Personal information
- Native name: Colm Mac Duibhir (Irish)
- Born: Kilraine, County Donegal, Ireland
- Occupation: Teacher of Construction Studies

Sport
- Sport: Gaelic football
- Position: Centre half-forward

Club
- Years: Club
- ?–?: Glenties

Inter-county
- Years: County
- 1942–1947: Cavan Donegal

Inter-county titles
- Ulster titles: 3
- All-Irelands: 1
- NFL: 0
- All Stars: 0

= Columba McDyer =

Cavan and Donegal Gaelic footballer

Columba McDyer (13 January 1921 – 18 September 2001) was a Gaelic footballer who played for Cavan and Donegal.

==Playing career==
McDyer was from Glenties, and played as a centre half-forward. He played with the Cavan team that won the 1947 All-Ireland Senior Football Championship Final at the Polo Grounds in New York City.

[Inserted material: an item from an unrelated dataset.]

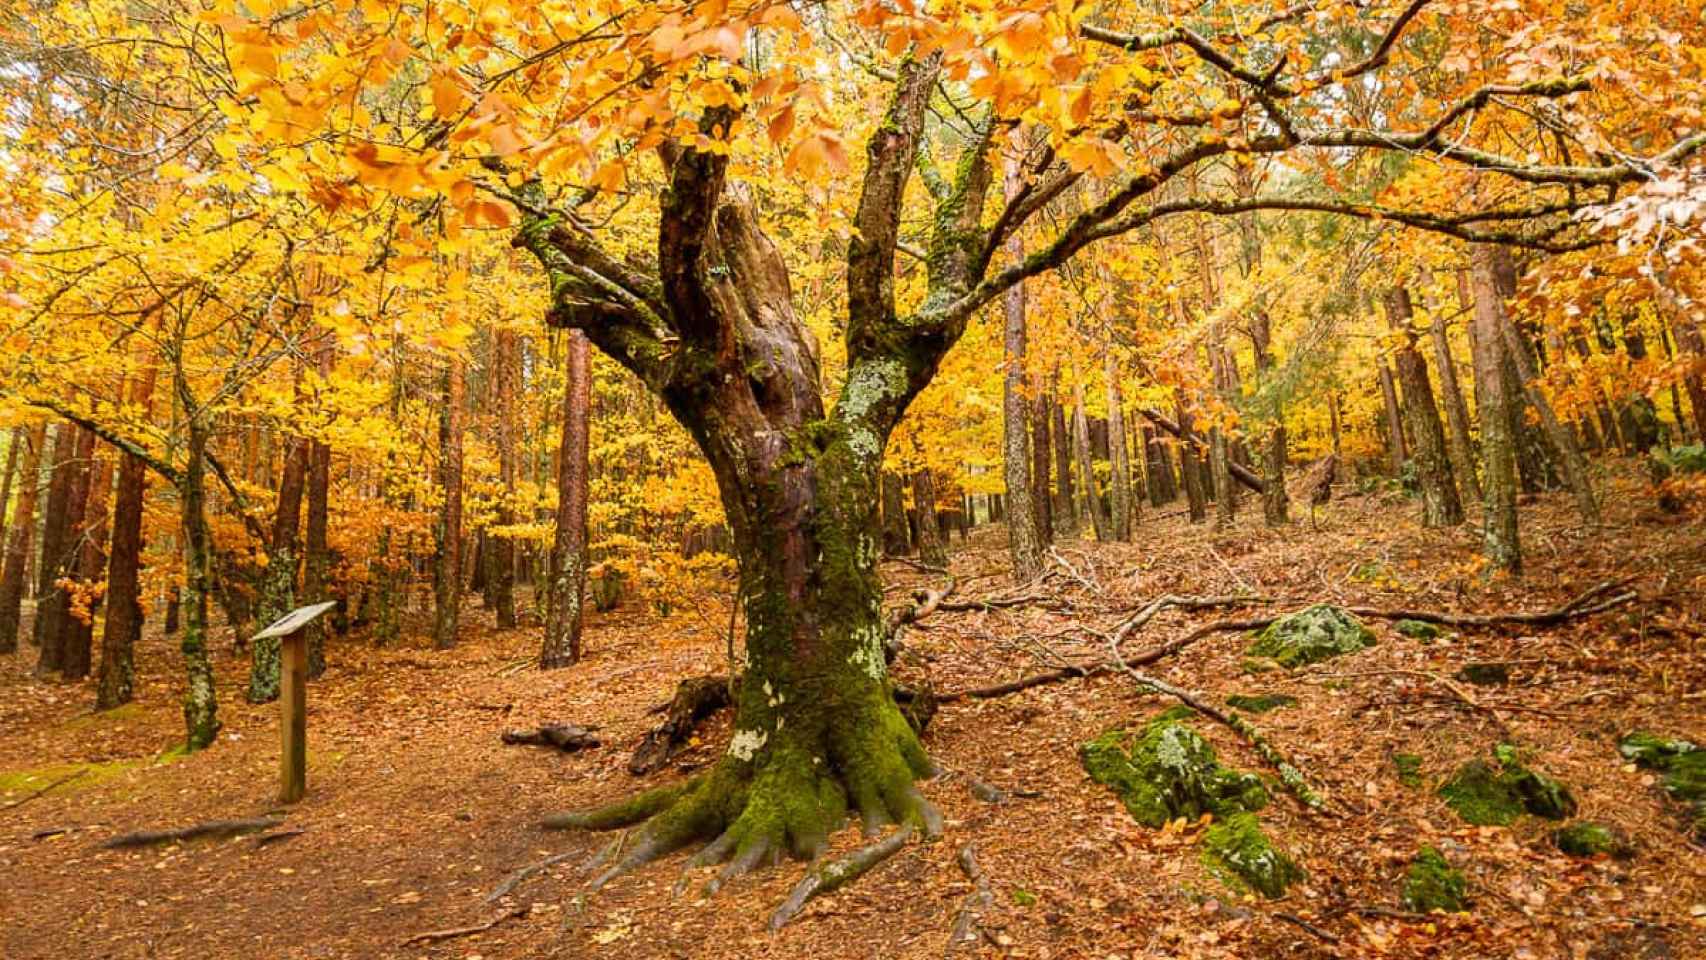 Conoce la ruta de senderismo más bonita cerca de Madrid: recorre uno de los bosques más antiguos de Europa.

This resulted in him becoming the first Donegal man to win an All-Ireland Senior Football Championship medal.

Following his success with Cavan, McDyer returned to Donegal and his native Glenties where he coached the Donegal senior team for a number of years. He also collected a Railway Cup medal with Ulster in 1942 and he also played in the same competition with Connacht.

==Managerial career==
McDyer managed Donegal. He was also an early influence on Jim McGuinness, Donegal's future All-Ireland winning manager. McGuinness described him as "an absolute gentleman to the fingertips, very well-educated… a very gentle, bubbly person".

==Honours==
McDyer was inducted into the Donegal Sports Star Awards' Hall of Fame in 1987.